How could he, since now he'd found a room in the inn and Lise and he were sleeping in each other's arms?

CHAPTER 2 FLANDERS,

1706-08

"It won't do." Frank Edwardes paced the room protestingly. "If you must pose as a father, get a younger brat."

"No," Dick refused, swigging hot spiced geneva. "I'll not find a handsomer one in all Flanders."

"Think! You're writing you married a Holland wench who died in childbed and her parents kept the babe till they was lately carried off by plague, so now you've had to take him. Well, we guess this one's past two, and you must count you was wed at least nine months before his birth. Yet you've writ your mother once a year, but never before told of the marriage. Bah!"

"Pox take her!" Dick scratched his balding head. "She robs me

of my patrimony so's she can increase the farm. God's name, I don't want wealth in my dotage, but hard money now! Should I die, brother Will inherits, and he has kids. But if I'm a live father, she'll have to be more tender of my interests." "Let's see what you've writ." Frank picked up the letter.

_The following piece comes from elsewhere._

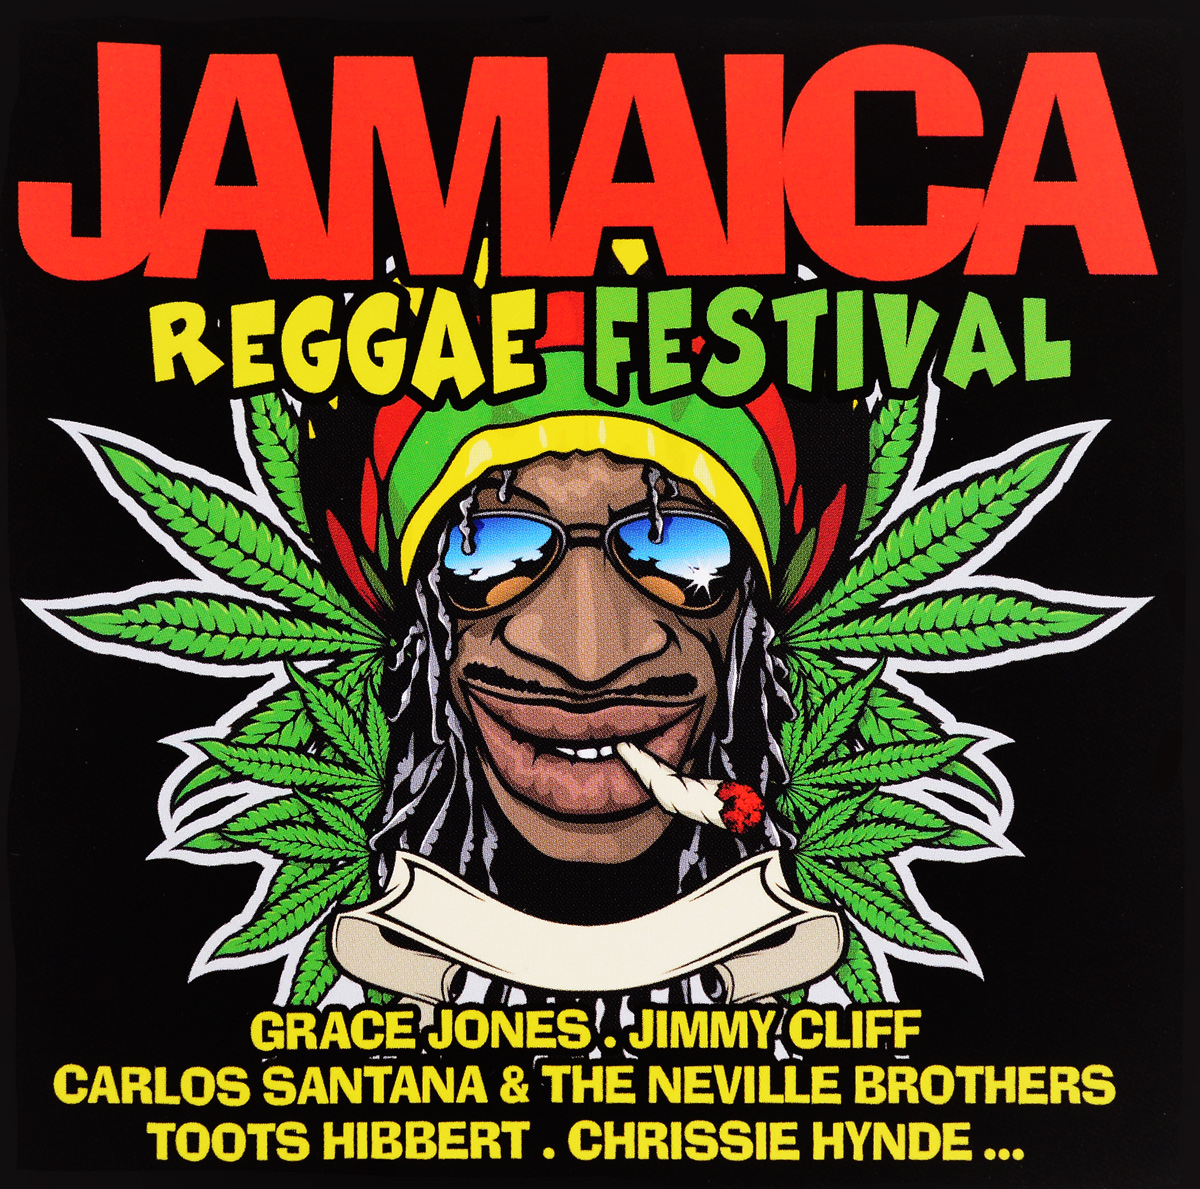 Jamaica Reggae Festival
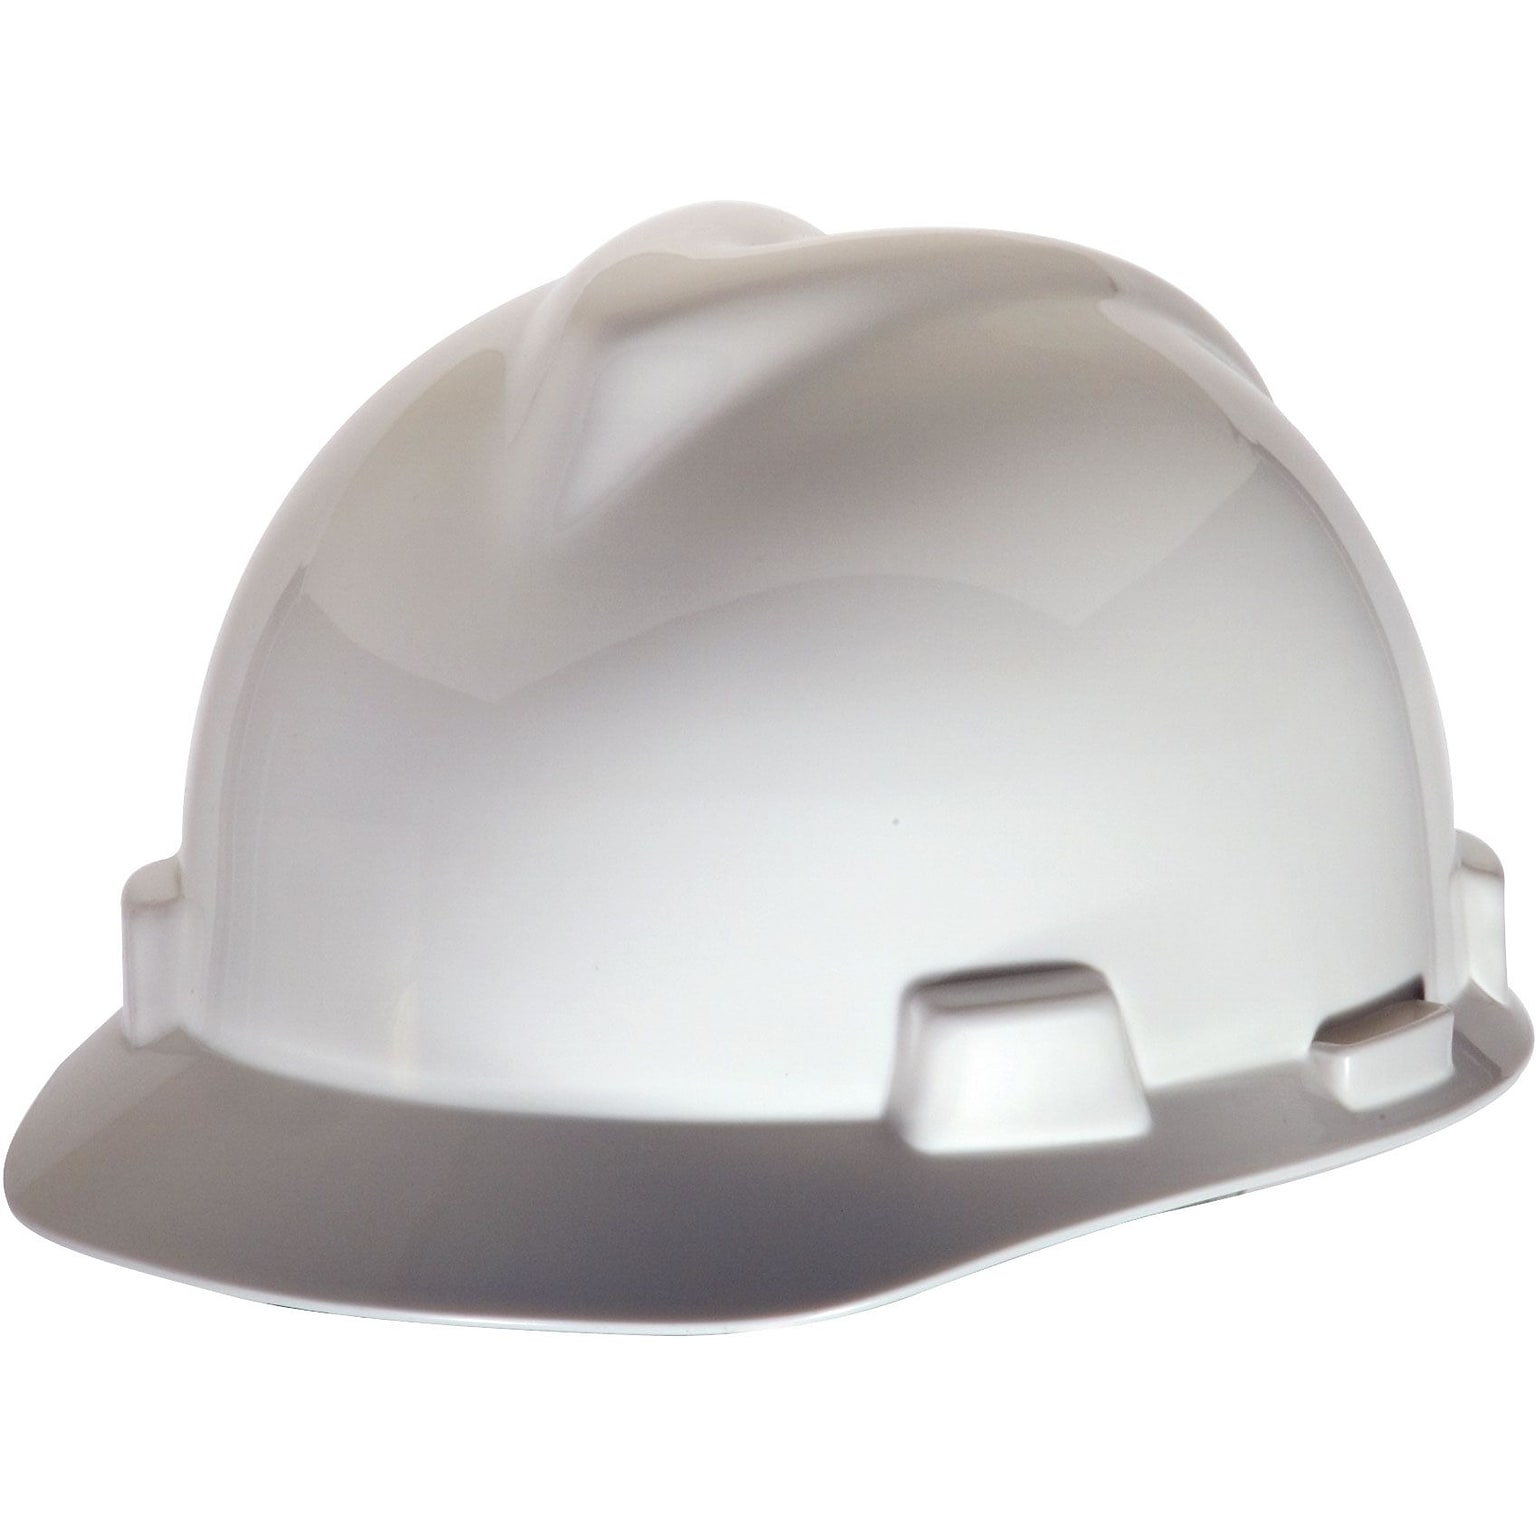 Mine Safety Appliances V-Gard Polyethylene 4-Point Pinlock Suspension Short Brim Hard Hat, White (463942)

"Att ye siege of Menin 20 August ijo6 New Stile Gracious Mother

Tis no doubt ye heard of ye grate battail wch my lord Duke beat ye Messieurs att Ramillies. I am still harty but have urgent need of 200 ginnies for to purchase ye Captaincy I must have for to care for my infant sonn whose poor Mother died 0 his berth these 2 years since and" . . .

"It won't do." He flung it down. "Wait! That deserter we retook last week, didn't he act as your servant once?"

"The provost's hanged him by now," Dick yawned.

"Aye, but suppose before he ran you'd long entrusted him with letters home, telling of your wife and babe, but he never posted 'em? Only now, at his retaking, have ye got 'em back. You send 'em with this one and your dam'll believe all." Draining his pot, Frank added generously: "I'll draft 'em for you." He opened the door, admitting snatches of song, laughter and the hubbub from below. "Grietje!" he bawled. "Vite, apporte du genevre!"

"Ye have it!" Dick rubbed his hands. "If the old bitch won't believe, I'll ask leave for England and go thrust 'em down her throat. I've been Toor Dick' too long. Now it'll be 'Lucky Dick,' with a son of my own so's the farm can never go to Will or his brood." He glared around. "Now, where's that slut with the geneva? Where is the whore? . . . Ah!"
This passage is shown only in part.